- **What you will do**
When you reach the line containing "Історичне вбрання жінок" in the entries below, begin reproducing lines exactly, and stop once the line containing "iphonexr clear case" is done.

- **Data for analysis**
- - - - -

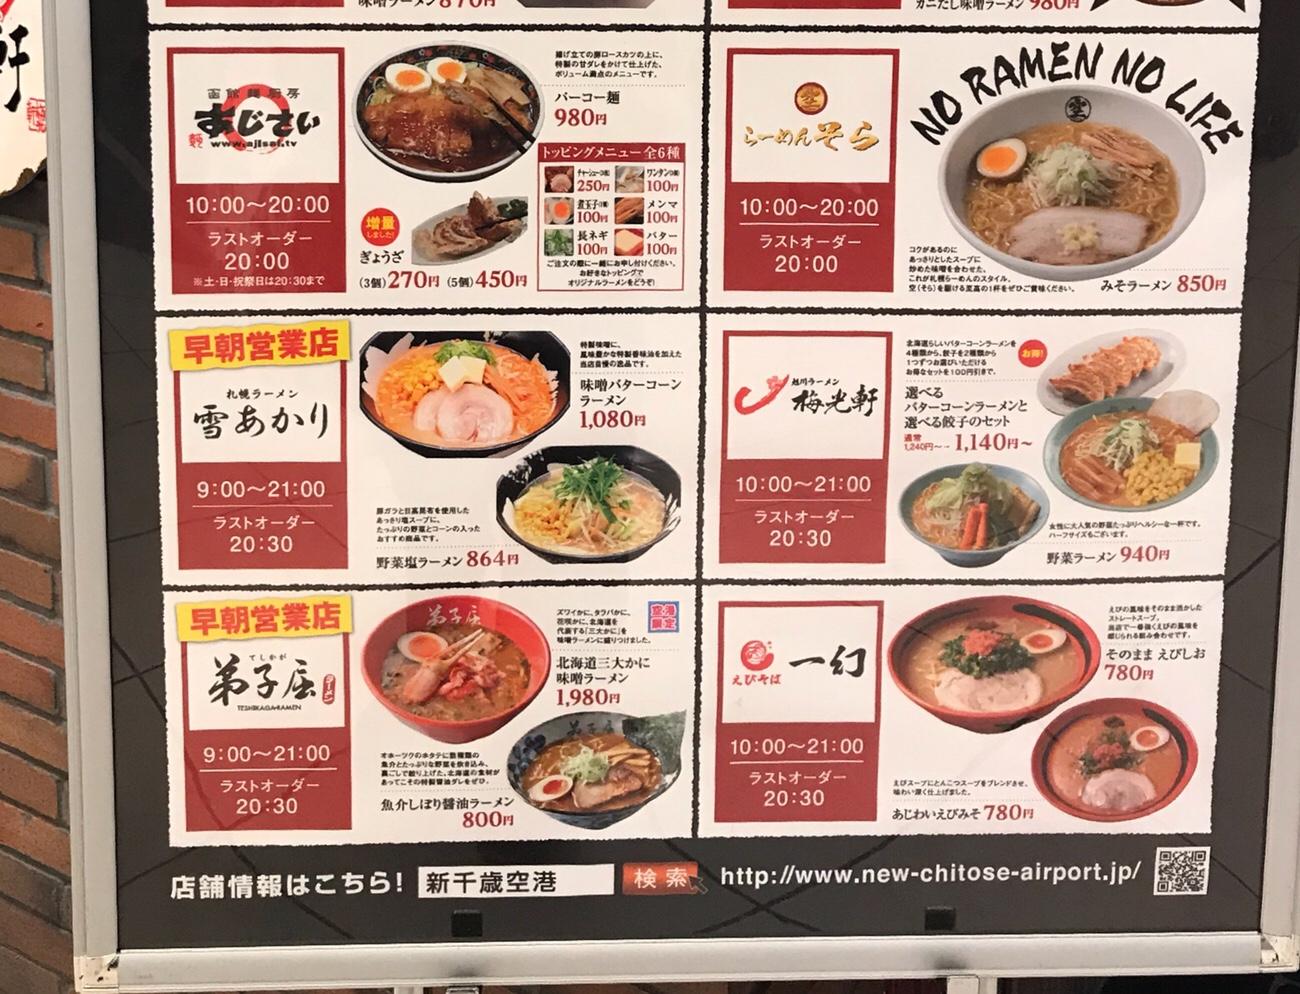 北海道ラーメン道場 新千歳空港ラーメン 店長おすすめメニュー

- - - - -

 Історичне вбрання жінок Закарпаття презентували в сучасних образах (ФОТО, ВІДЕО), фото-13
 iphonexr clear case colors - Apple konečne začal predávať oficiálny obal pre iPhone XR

- - - - -

- **Exercise result**
 Історичне вбрання жінок Закарпаття презентували в сучасних образах (ФОТО, ВІДЕО), фото-13
 iphonexr clear case colors - Apple konečne začal predávať oficiálny obal pre iPhone XR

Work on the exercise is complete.